Все дело в больших заработках. В большом социальном положение. Появился выбор. Это, это, это... Сериалы. Они же понимают, что играют плохо. И суетливо. И что все это забудется. Но тут ведь народная любовь. Бабушки выстраиваются в ряд. Но как я думаю… Вот приехал бы Иоселиани, допустим, к нам и предложил бы артисту роль. А в это же время  у него там 20-ти серийное видео. Я все-таки, думаю, что он пошел бы к Иоселиани. Если он не совсем дурак. Хотя среди артистов бывают и совсем дураки. А бывают очень умные образованные люди.

А сколько я видел глупых режиссеров в своей жизни! Ну, совсем глупых. Особенно сейчас.  Сейчас же, есть деньги – я пошел, я снимаю. Хотя, ничего не понимает. Он только знает американское кино. И думает, что вот так надо. Что вот здесь должен быть пик интереса. Вот актер у него и играет пик интереса. А на самом деле, это потеря.

Советский интриган Мышкин

Я видел, как Смоктуновский играл князя Мышкина. И как моя мама, которую я привел на генеральную репетицию, вот как он появился, заплакала, и проплакала весь спектакль.

Ничего похожего на телеэкране и рядом не было.  Этот маленький хороший артист, он просто, так сказать, всех перессорил, и всё. Он не святой, не дух. Он не состоит из потусторонних каких-то вещей Он просто нормальный, классный советский интриган. Он всех перессорил. И в итоге Рогожин зарезал барышню.

Я у них спрашиваю: «А вы хоть картинки-то посмотрели Достоевского?»  А ребята из съемочной группы говорят: «А разве у него картинки есть?». А там нарисован князь Мышкин. И нарисован, кстати, уродом абсолютным. Монстром.

И, причем, Бортко талантливый человек. Он снял замечательную картину про собаку, Булгакова.  Но здесь…К Достоевскому надо по-другому как-то. Надо покопаться, почему он великий писатель. Не потому, что он написал про какого-то князешку, который в силу полной импотенции и эпилептических припадков не мог быть соучастником всей этой штуки и поэтому был в стороне. А в силу того, что он - Достоевский, и есть нечто божественное.  Потому что они там все нарисованы. Нарисованы именно Достоевским.  И никто не посмотрел.


                Ярмольник

 Леню Ярмольника я брал, потому что я не знал, что он киноартист. В театре я его не видел. Телевизор я смотрю мало. Как-то раз включил, какая-то была передача, не то КВН, не то еще что-то. И я сказал: «О-о, вот этот вот. Вот с большим носом, вот он мне годится внешне. Он артист?» Говорят: «Артист». Я говорю: «Тащите его!». И я только в Чехии выяснил, что он снялся в 40-ка картинах.

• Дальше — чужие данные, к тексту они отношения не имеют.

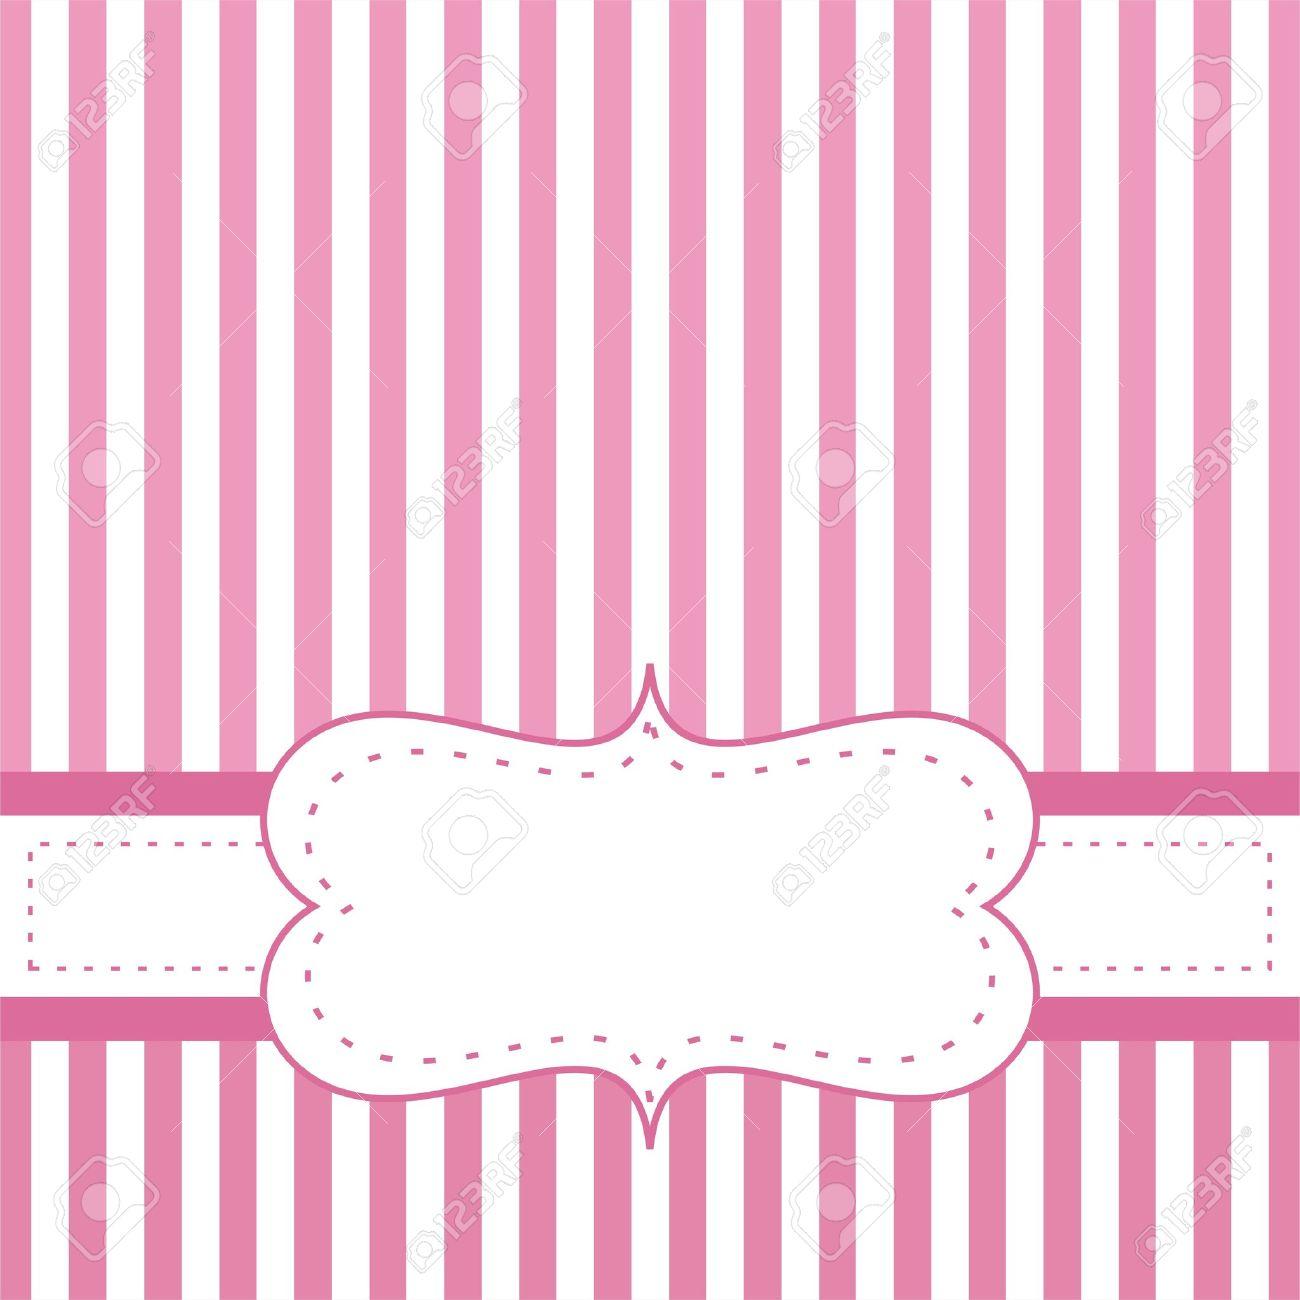 Tarjeta De Invitación De Color Rosa Para Bebé Partido De La Ducha Una Boda O Un Cumpleaños Con Rayas Blancas De Fondo Linda Con El Espacio En Blanco

Я был убежден, что человек  с таким гонором не может быть артистом. Я все удивляюсь – откуда  гонор-то такой? Что ж ты так со мной споришь-то по любому поводу?   

Но в итоге нам со Светланой кажется, что он хорошо сыграл. Но, может быть, я и к другому бы артисту обратился, если бы я знал, насколько он известен.

Сложность состоит в том, что вся картина построена не на том, что происходит с Руматой, а на том, что чувствует и что видит Румата.  Когда мы с Ярмольником сильно поссорились, я решил вообще без него доснять картину. Все сделать на том, что он видит. Но Лени стало не хватать, не хватало его реакции на то, что он видит.

 Искусство снов

 Известно, что кинематограф – это искусство снов. Мне очень нравится эта мысль. Во сне существуют и секс, и насилие, и убийства, и драки. И ото всего этого просыпаешься в поту. И почти всегда черно-белое изображение. Редко бывает цветной сон. А самый великий сон был бы для меня, если б я мог снять сон собаки. Что она видит, как она видит? Поэтому, в принципе, то, что я пытался сделать в картине «Трудно быть богом», – это полусон человека. Там даже начинается с того, что ему снятся сны, сны, сны. Страшные сны. И дальше он говорит: «Боже, я просыпаюсь, и это не сны. Я действительно на этой планете ужасной.